Work instruction ▸
For this item, repeat the material exactly while omitting its pictures.

====== Supplied information

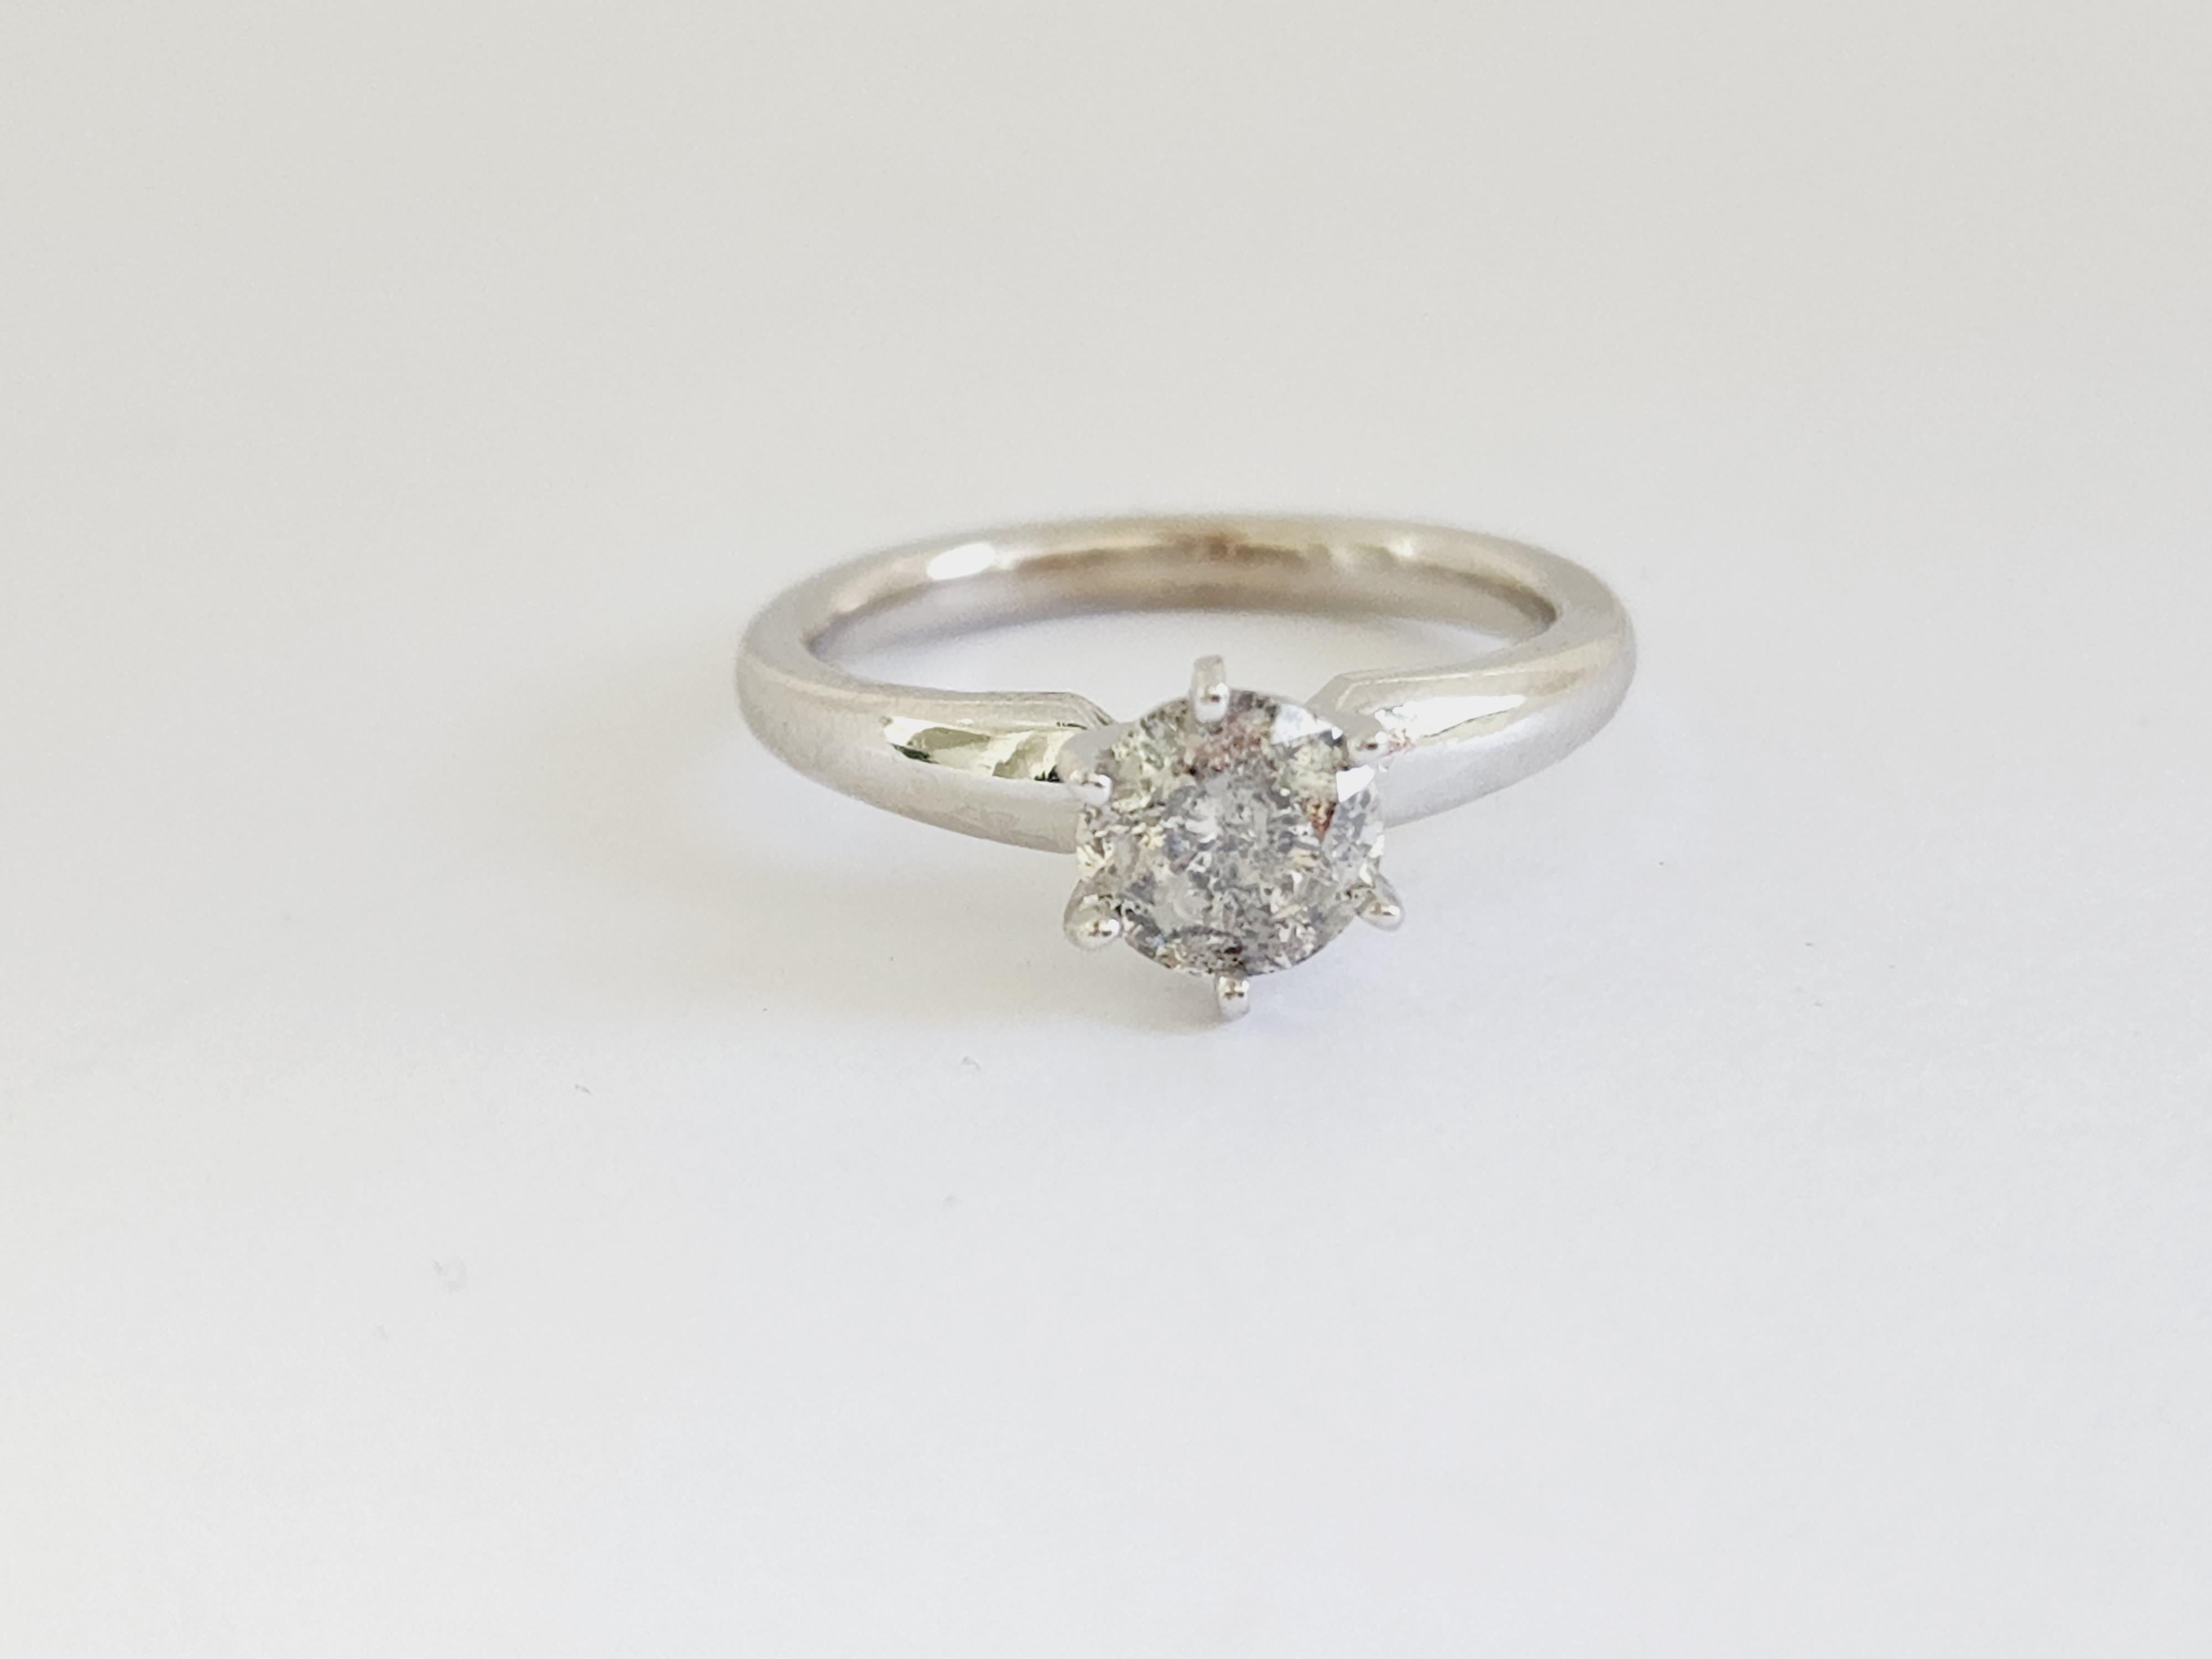 1.12 ct round brilliant cut natural diamonds. 6 prong solitaire setting, set in 14k white gold. 
Ring Size 7
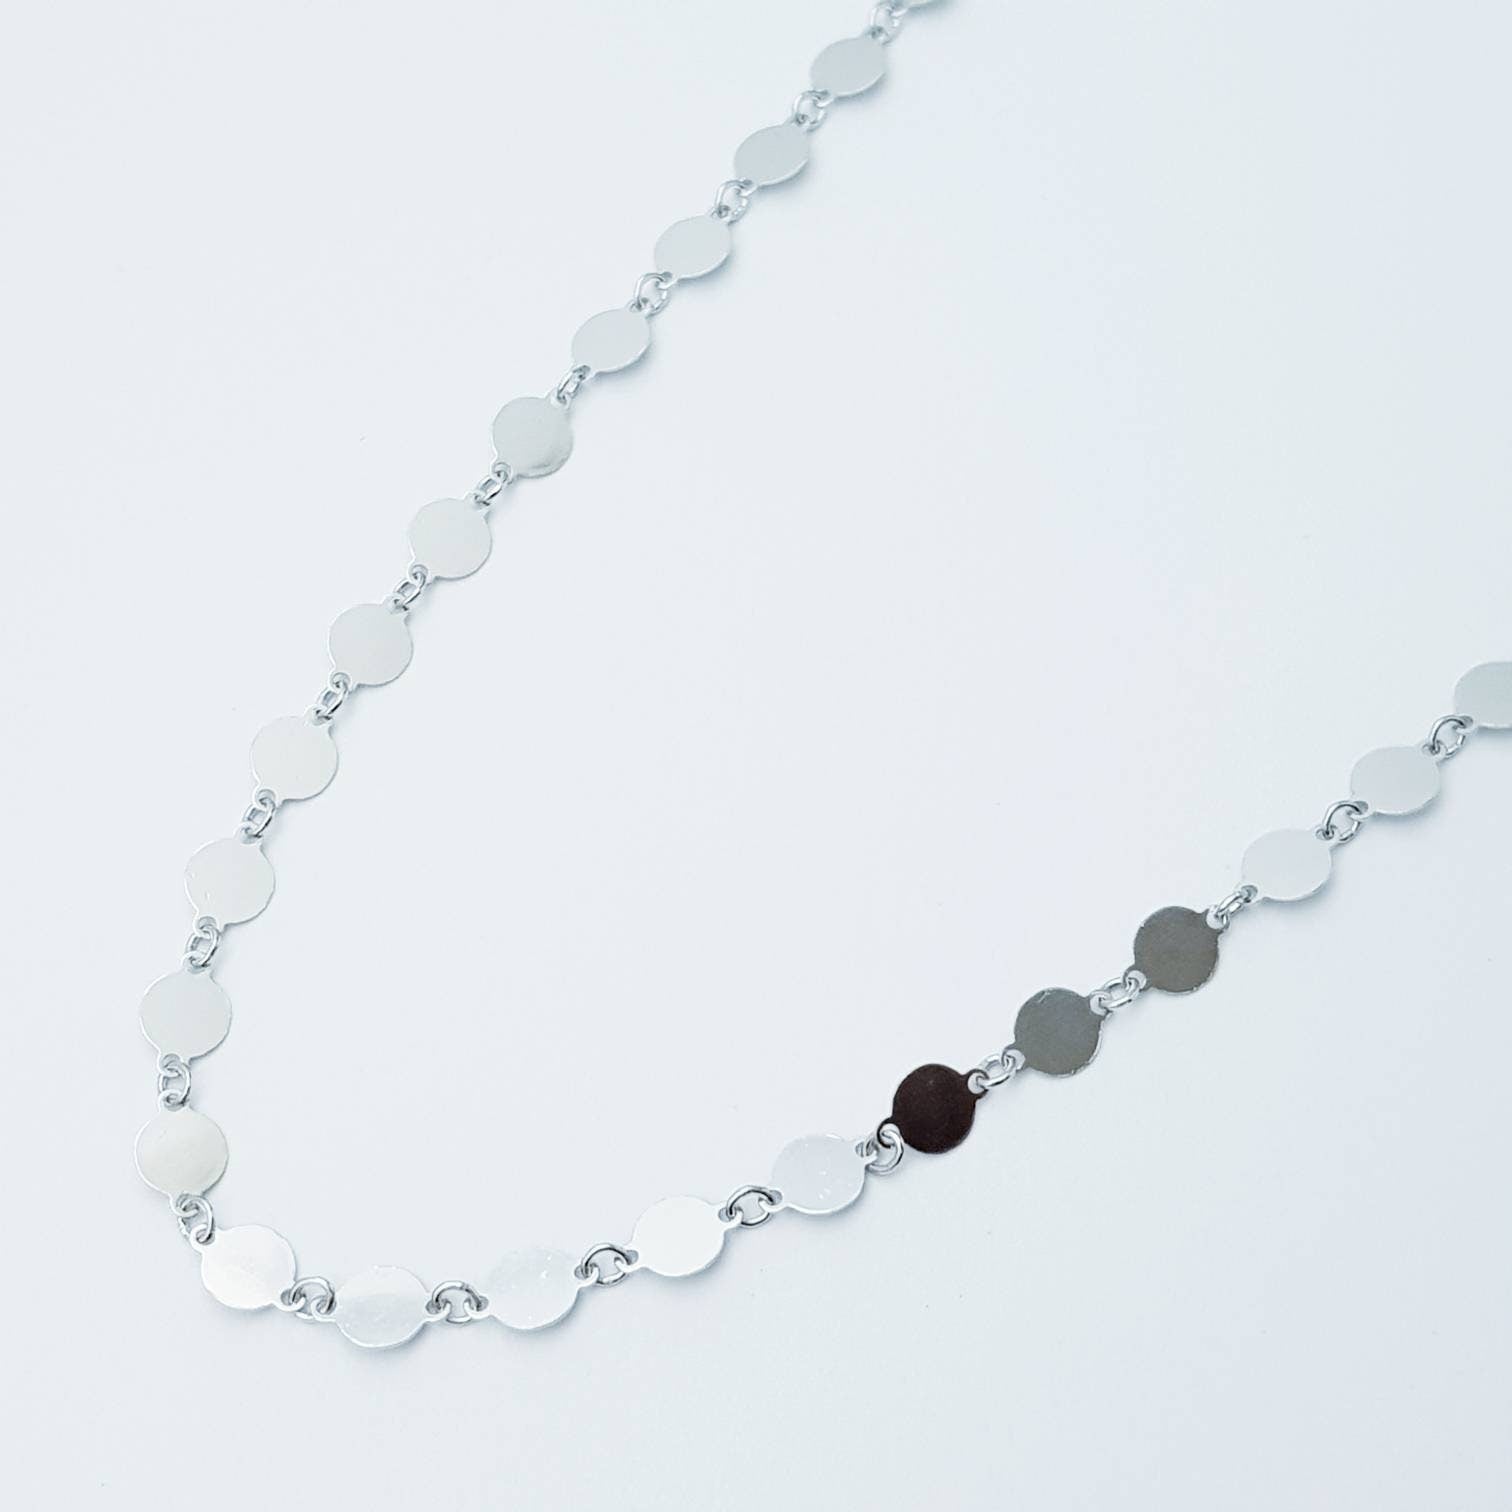 Dainty Sterling Silver necklace, shimmering layering chain necklace
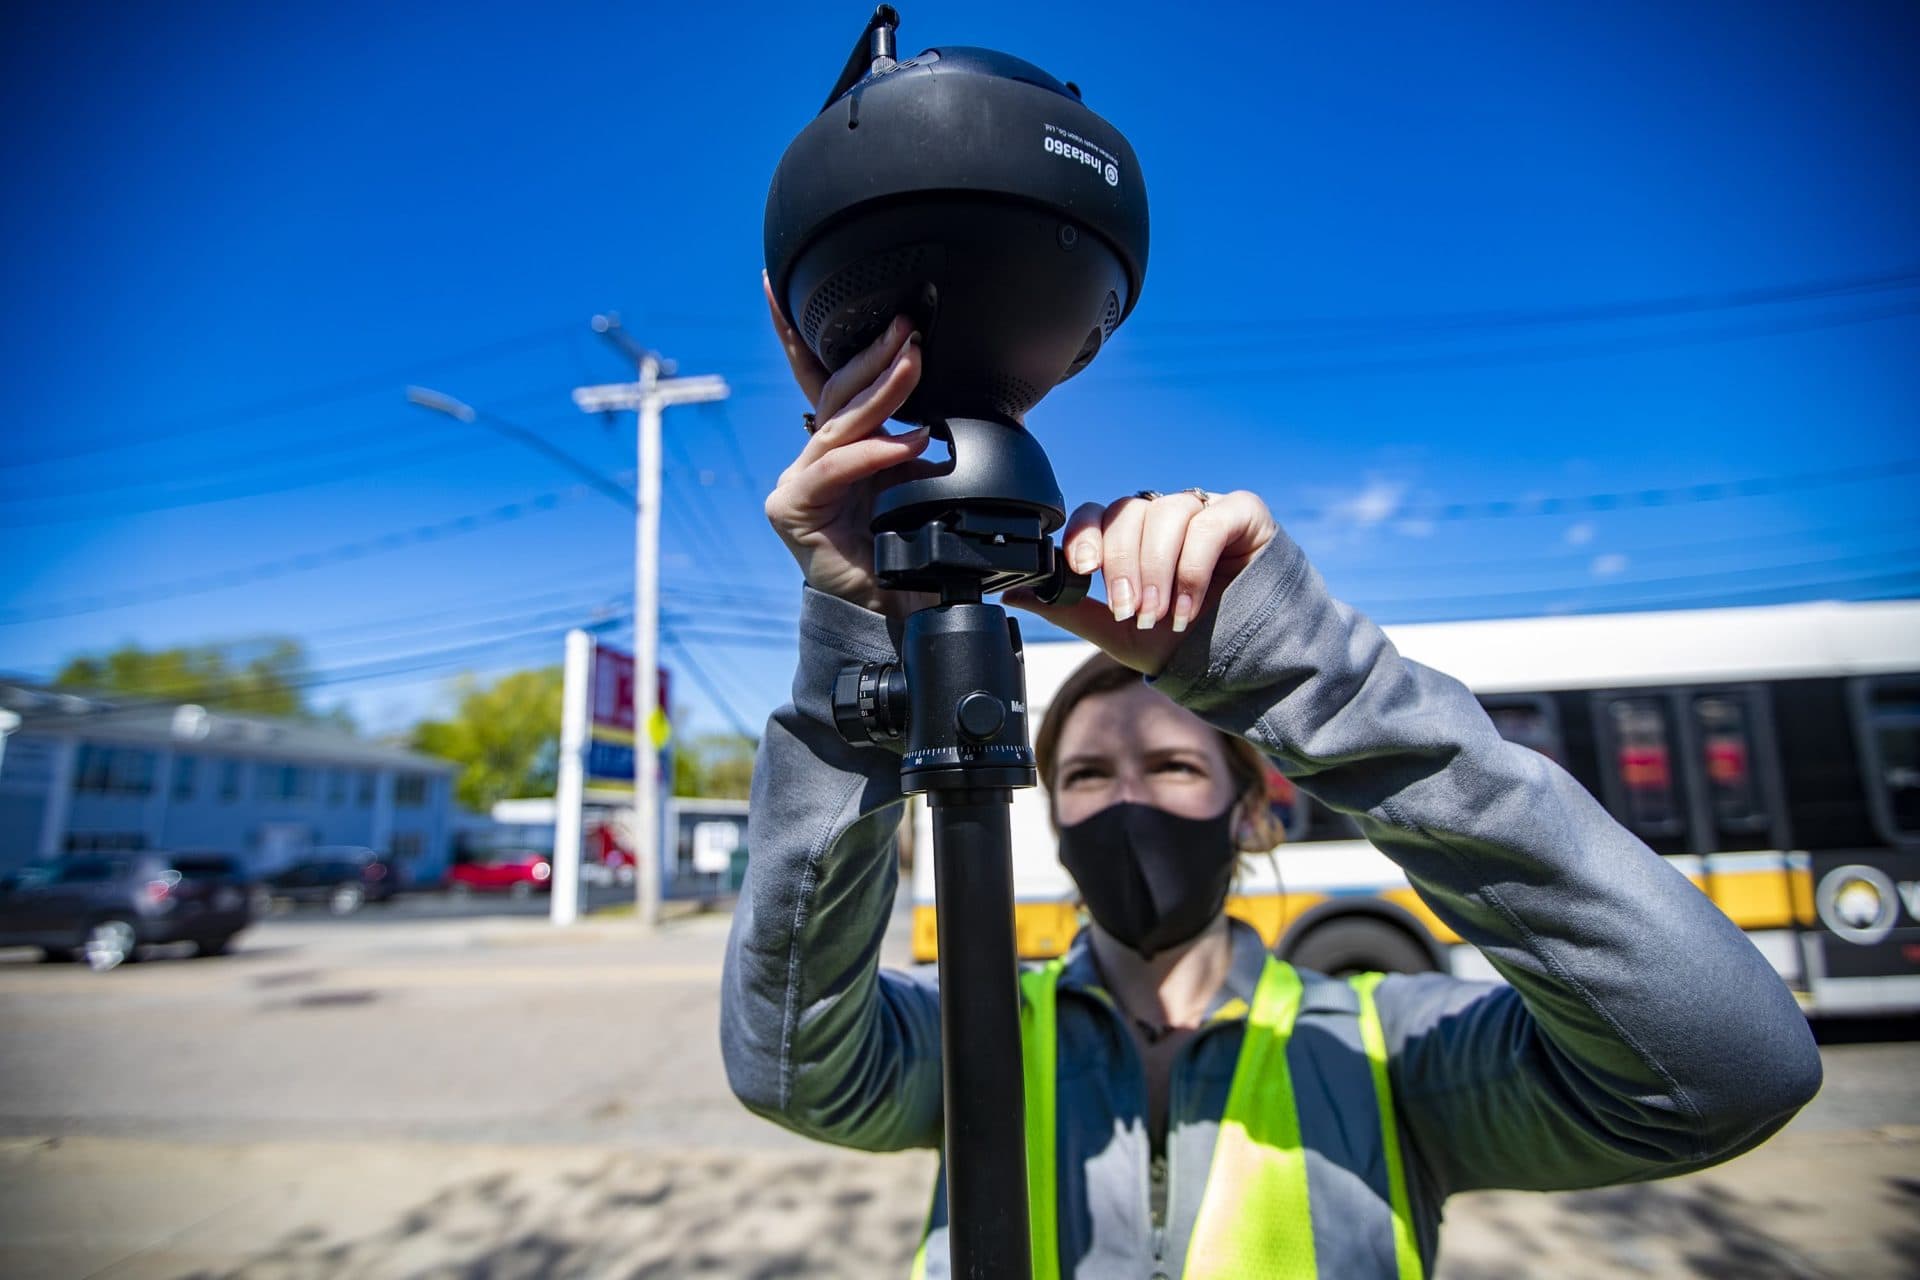 Engineer Madison Gleason sets up a 360 camera to survey the area around Hallet Street in Dorchester. (Jesse Costa/WBUR)

============

Answer box ▸
 1.12 ct round brilliant cut natural diamonds. 6 prong solitaire setting, set in 14k white gold. 
Ring Size 7
 Dainty Sterling Silver necklace, shimmering layering chain necklace
 Engineer Madison Gleason sets up a 360 camera to survey the area around Hallet Street in Dorchester. (Jesse Costa/WBUR)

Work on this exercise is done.